It stalled quietly, almost anticlimactically — a pause button hit on a bill that was supposed to make noise. A Virginia House of Delegates subcommittee voted Monday to push off, until next year, a proposal that would slap a 10% tax on the gross receipts of adult websites doing business in the state.
The bill, HB 720, would apply that tax to revenue from adult sites “produced, sold, filmed, generated, or otherwise based” in Virginia — a definition broad enough to make even seasoned tax attorneys squint and reread it twice.
At a Finance subcommittee hearing, the bill’s sponsor, Delegate Eric Zehr, framed the measure as something more than just another line item in the tax code. While most proposed tax hikes, he said, tend to discourage businesses that “contribute in a positive way without societal detriment,” he argued that commercial adult sites fall into a different category altogether.
“They contribute to the mental health crisis straining our behavioral health system,” Zehr said. “Their profit is our loss.”
Under the proposal, money raised by the tax would flow into Virginia’s Behavioral Health and Developmental Services Trust Fund — a pool created to support care and treatment for people relying on public mental health, developmental, and substance abuse services.
“The purveyors of this content are profiting while the rest of us are paying,” Zehr argued. “Those profiting at the expense of our children need to pitch in.”
He also pointed to Virginia’s age verification law, passed in 2023, praising it as a step forward — but not nearly a final one. In his view, the law simply hasn’t gone far enough.
“This legislation would disincentivize these providers from further damaging our children’s mental health and development, and simultaneously help promote their mental health by increasing the income going into the Behavioral Health and Developmental Services Trust Fund,” Zehr told the subcommittee. “This isn’t simply an ideological attack. There is a direct connection, a direct line between this and what we’re paying for in the mental health system.”

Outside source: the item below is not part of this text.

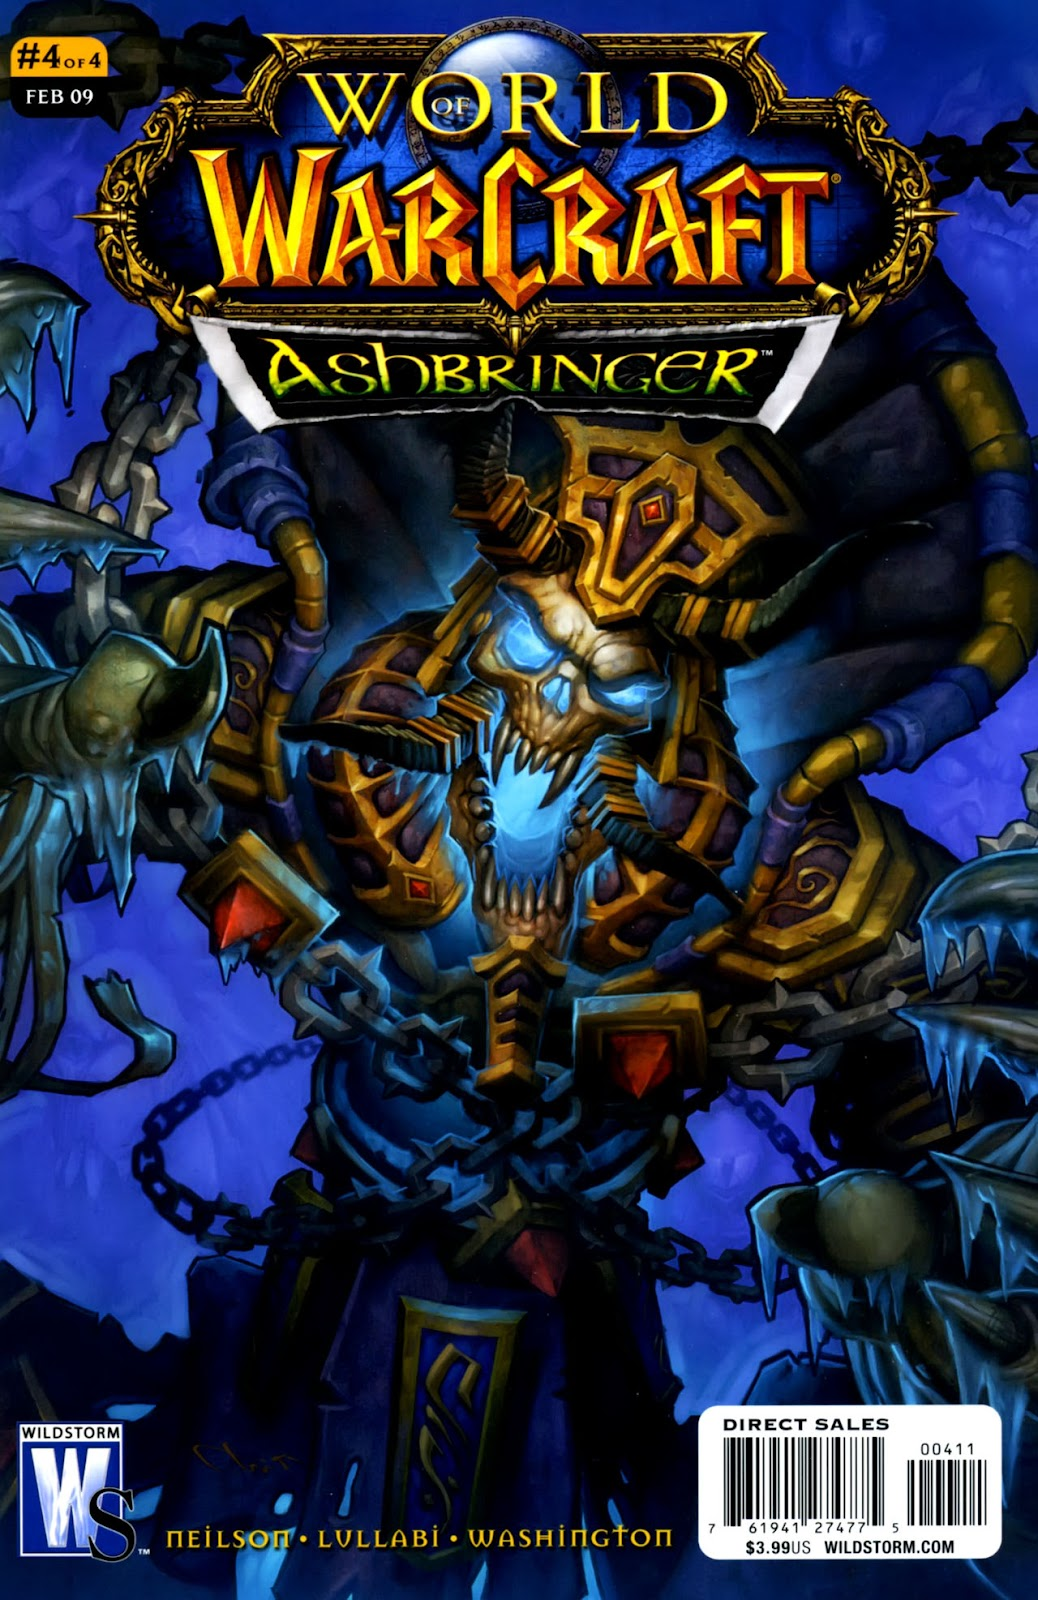 World of Warcraft: Ashbringer issue 4 - Page 1

Others in the room weren’t convinced. Subcommittee members raised red flags about constitutionality — concerns that legislative counsel tied to potential conflicts with freedom of speech — and about how the bill would work in practice, especially given the global, borderless nature of the adult industry.

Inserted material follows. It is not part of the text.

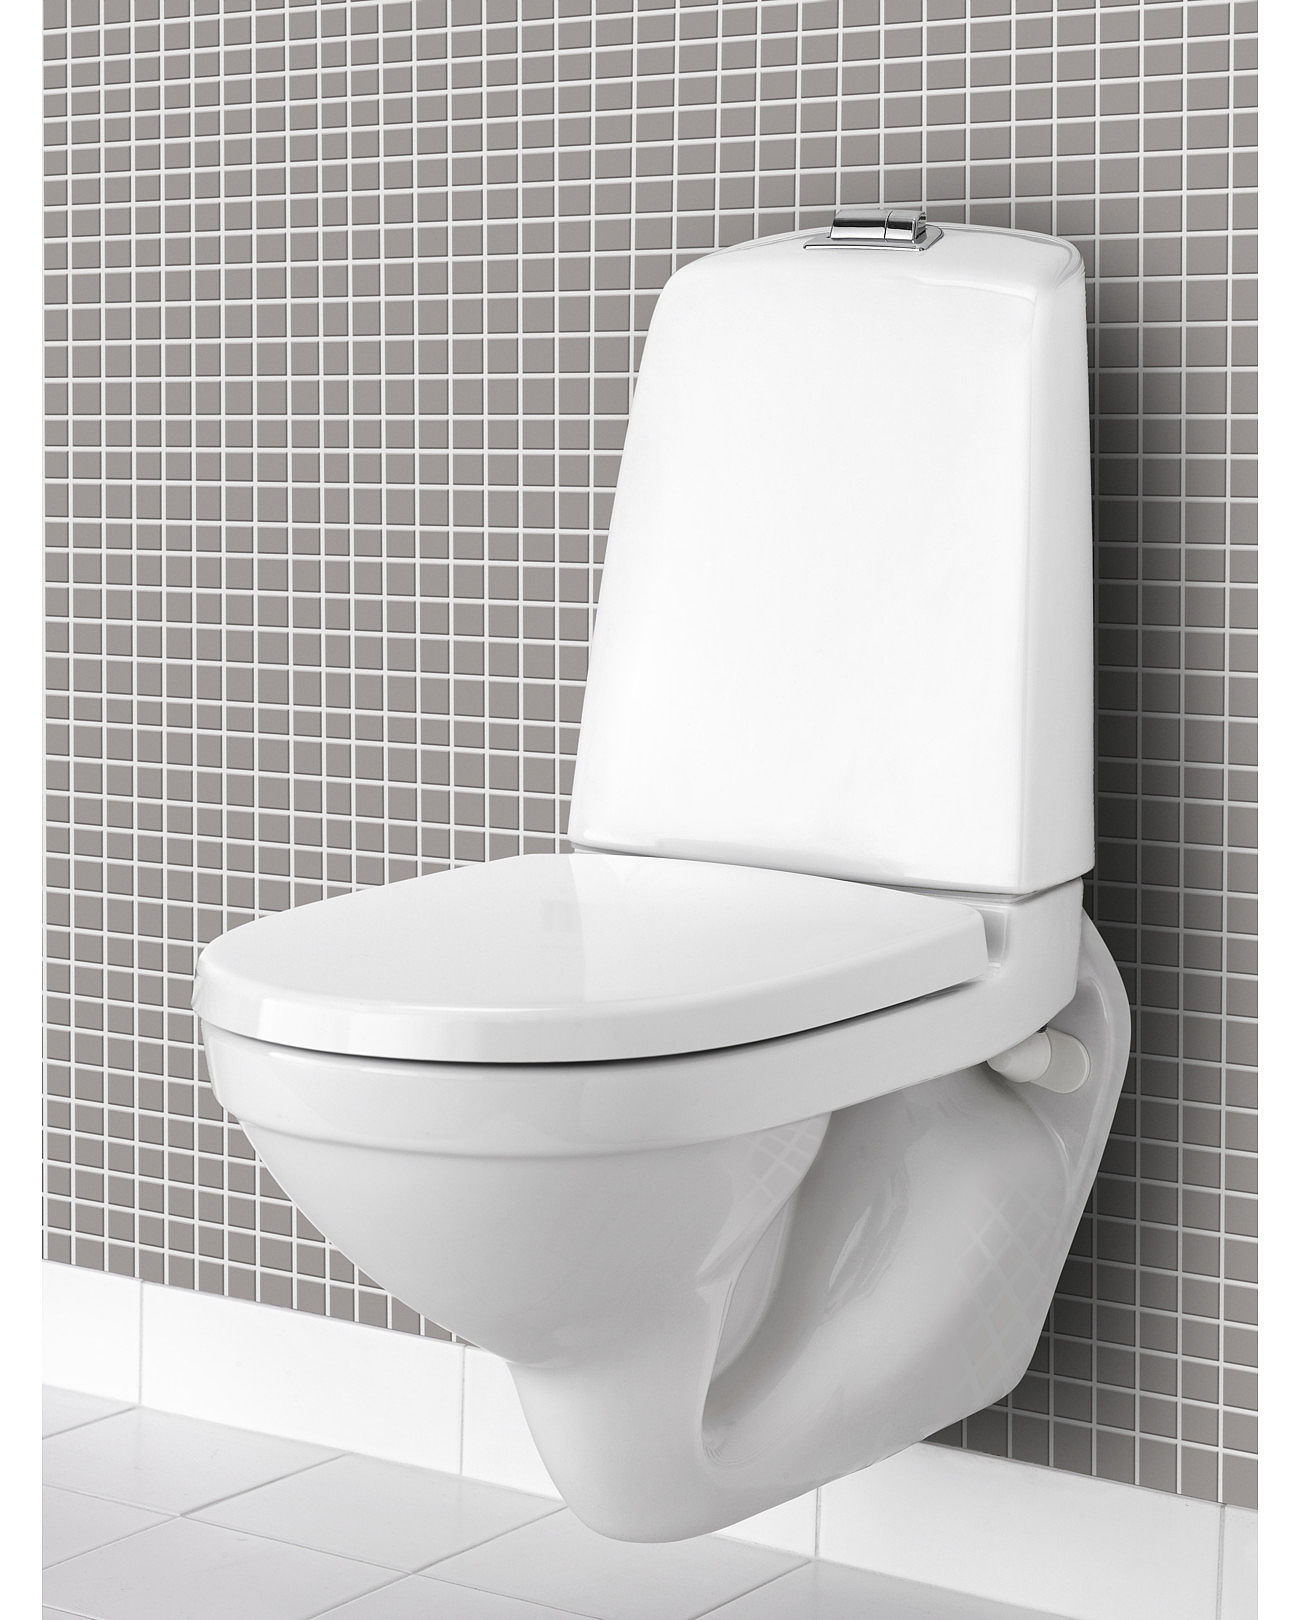 toilet_Nautic 1522

Delegate Vivian Watts put it bluntly: “Trying to determine how we could enforce this, particularly as a tax matter, would be extraordinarily complicated.”
In the end, the subcommittee voted unanimously to carry the bill over until the 2027 legislative session, effectively shelving it for now.
As the gavel came down, Subcommittee Chair Phil Hernandez offered Zehr a parting note that sounded less like a rejection and more like a long pause: “We want to give you a chance to keep working on this.”